CIOs haben nicht immer die Möglichkeit, ein so großes Team auf einen Schlag aufzubauen. Aber die Prinzipien, die bei der Einstellung im Tech-Hub von Mastercard in Vancouver angewandt wurden, können beim Aufbau von IT-Teams jeder Größe helfen. Nicole Turner, Mastercard Senior Vice-President, Technology Hubs, erklärt das Fünf-C-Prinzip und wie IT-Führungskräfte es für ihre eigene Arbeit nutzen können.

Wie alle Unternehmen ist auch Mastercard auf der Suche nach den besten Talenten. “Wir versuchen, Leute aus der Region einzustellen, die in der Community präsent sind. Für uns ist das ein Pluspunkt”, sagt Turner. Sie glaubt, dass Menschen, die sich in ihrer Gemeinde engagieren, eher in der Lage sind, Kontakte zu lokalen Unternehmen zu knüpfen, um auf diese Weise weitere Talente zu finden. Selbst wenn ein Unternehmen auf den internationalen Markt abzielt, könne es von großem Nutzen sein, Partner in der Nähe zu haben, die beispielsweise neue Produkte entwickeln.

In den Technologiezentren von Mastercard bezieht sich der Gemeinschaftsaspekt nicht nur auf die Einstellung von Mitarbeitern, sondern auch auf das Unternehmen selbst.
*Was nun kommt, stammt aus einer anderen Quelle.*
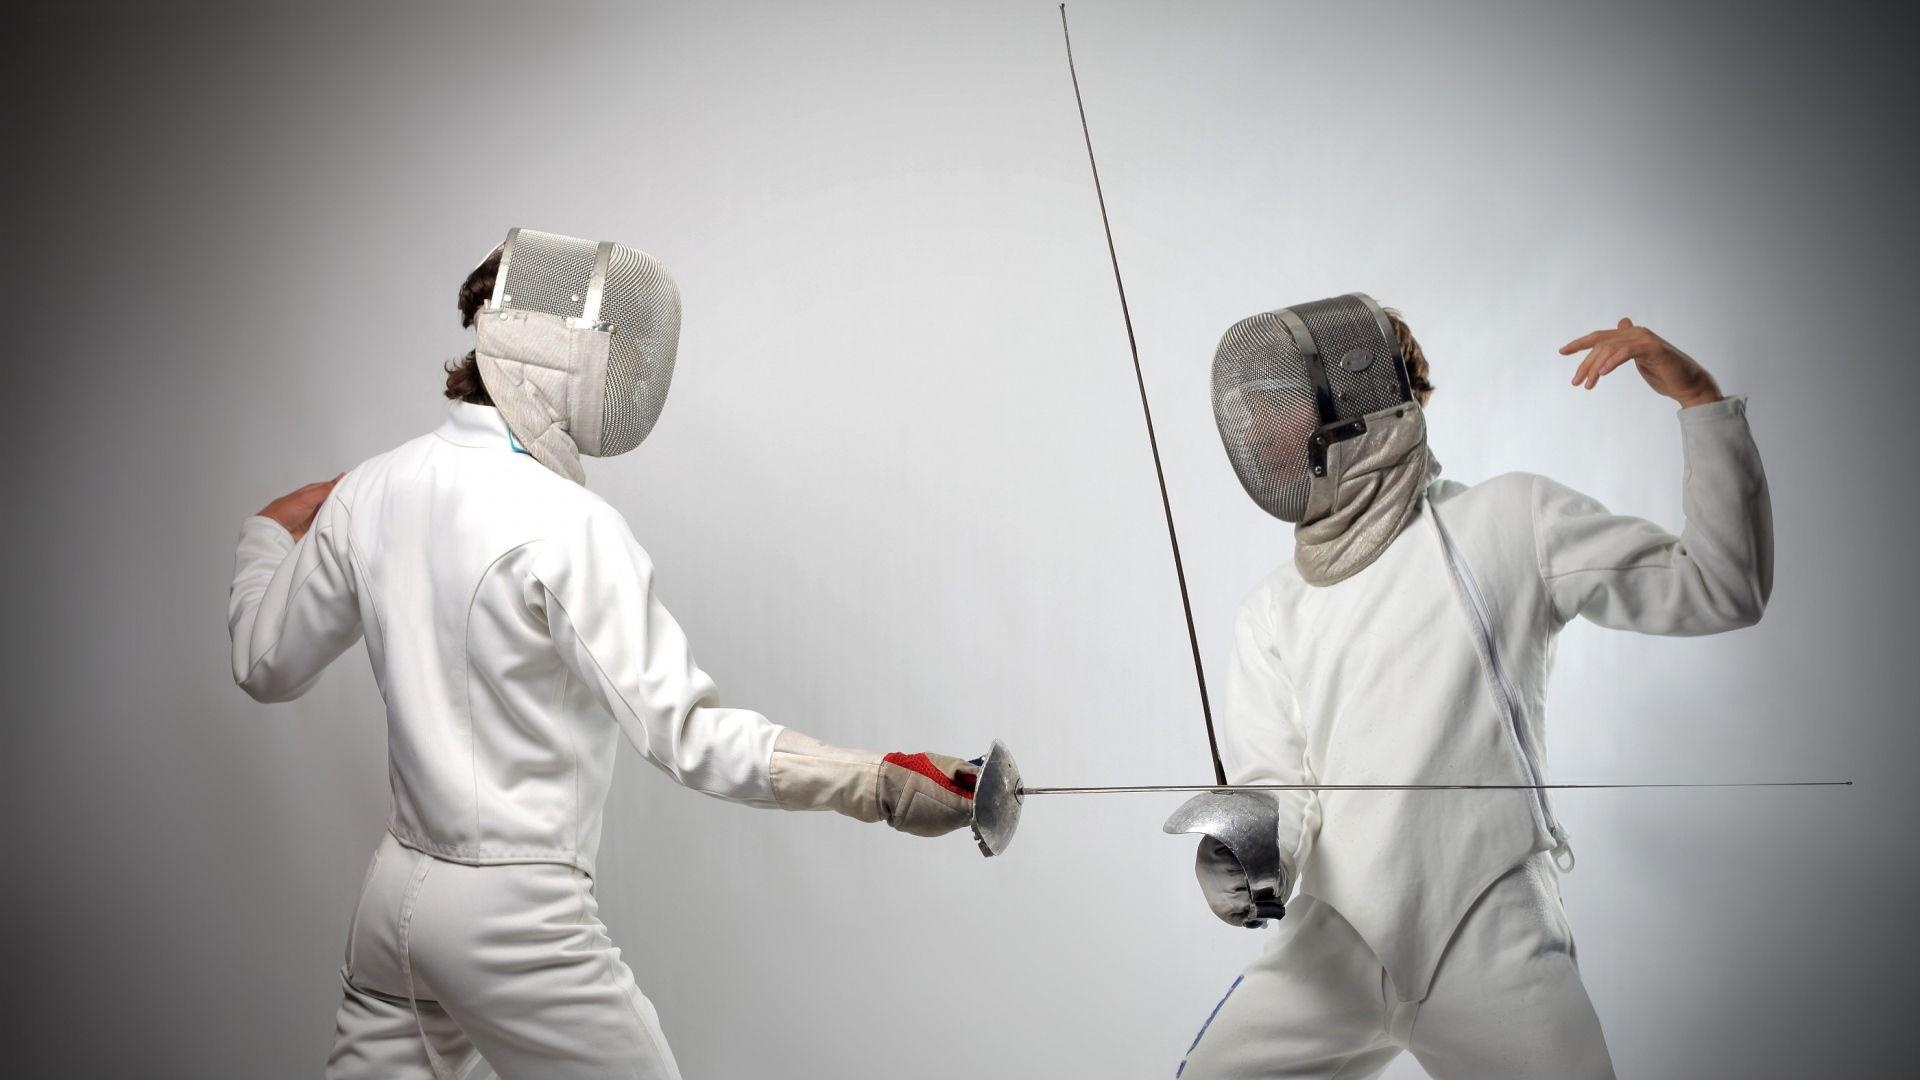 Fencing: One of the five activities which have been featured in every modern Olympic Games, Competitive sport. 1920x1080 Full HD Wallpaper.

Die neue Einrichtung in Vancouver betreibt ein Forschungszentrum, in dem Co-Creation-Workshops gemeinsam mit Kunden stattfinden. Zudem investiert Mastercard regelmäßig in Regionen, in denen das Unternehmen lokal ansässig ist. Im vergangenen Jahr wurden 6,3 Millionen Dollar für verschiedene lokale Programme gespendet, beispielsweise für Tech-Up, das jungen Kanadiern hilft, etwas über Technologie zu lernen. Mitarbeiter, die in ihren Gemeinden präsent sind, können dazu beitragen, solche Verbindungen zu lokalen Organisationen aufzubauen. Diese Beziehungen sind nicht nur vorteilhaft und motivierend für die lokalen Teams, sondern wirken sich auch positiv auf das Unternehmen als Ganzes aus.
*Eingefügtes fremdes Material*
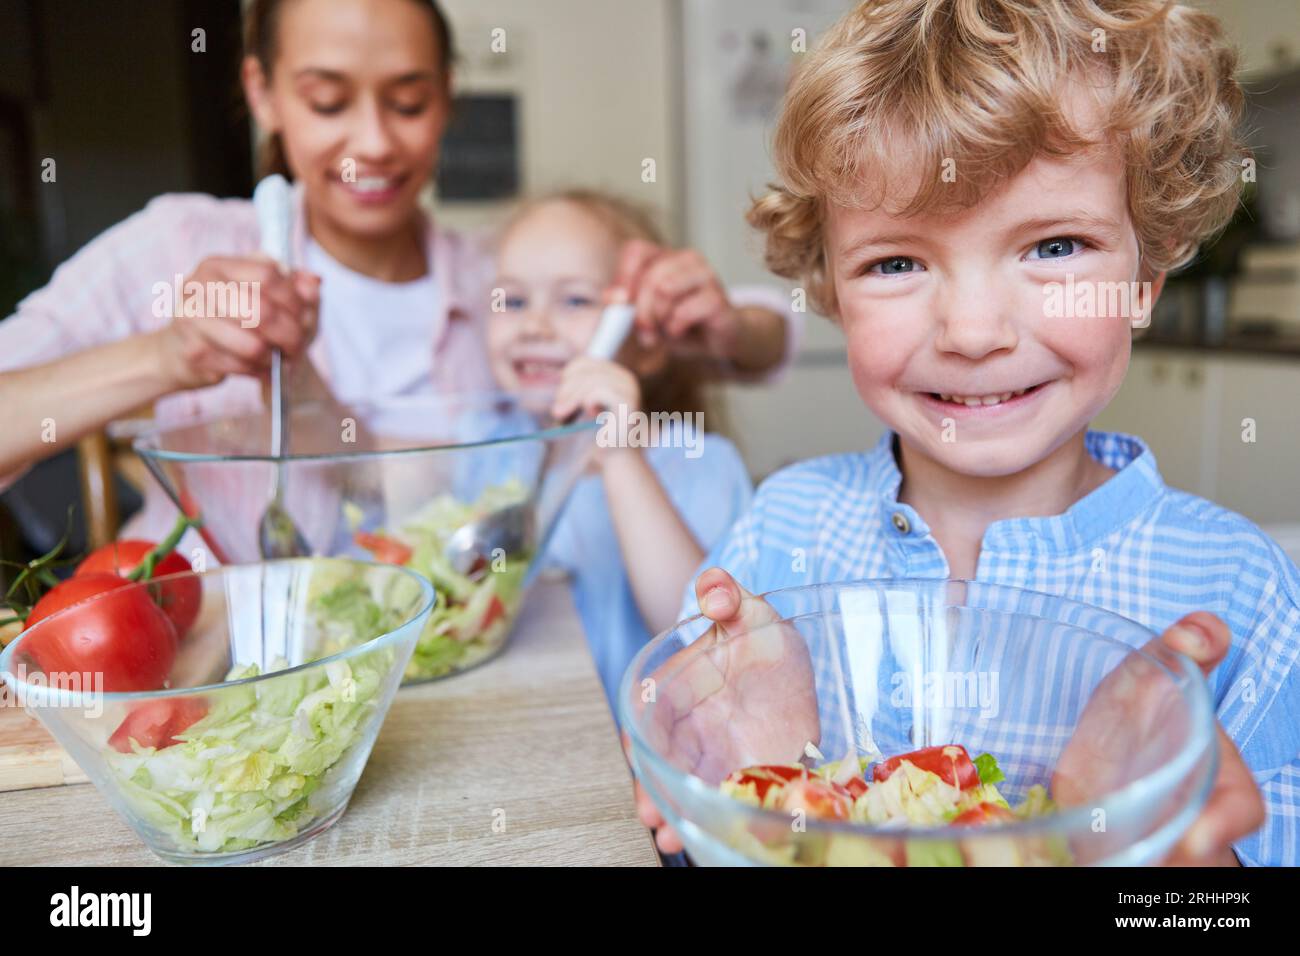 Portrait of smiling boy holding bowl with family preparing salad at home Stock Photo

Jedes der acht Technologiezentren von Mastercard hat seinen eigenen Charakter und Auftrag. So konzentriert sich das Zentrum in Vancouver auf Nachrichtendienste und Cyberkriminalität, während das Zentrum im australischen Sydney künstliche Intelligenz und maschinelles Lernen als Schwerpunkte hat. Das Zentrum in Dublin, Irland, wiederum ist auf den elektronischen Handel spezialisiert. “Diese Zentren sind unabhängig, aber Mastercard ist ein globales Unternehmen, daher muss alles auf eine gemeinsame Vision ausgerichtet sein”, sagt Turner.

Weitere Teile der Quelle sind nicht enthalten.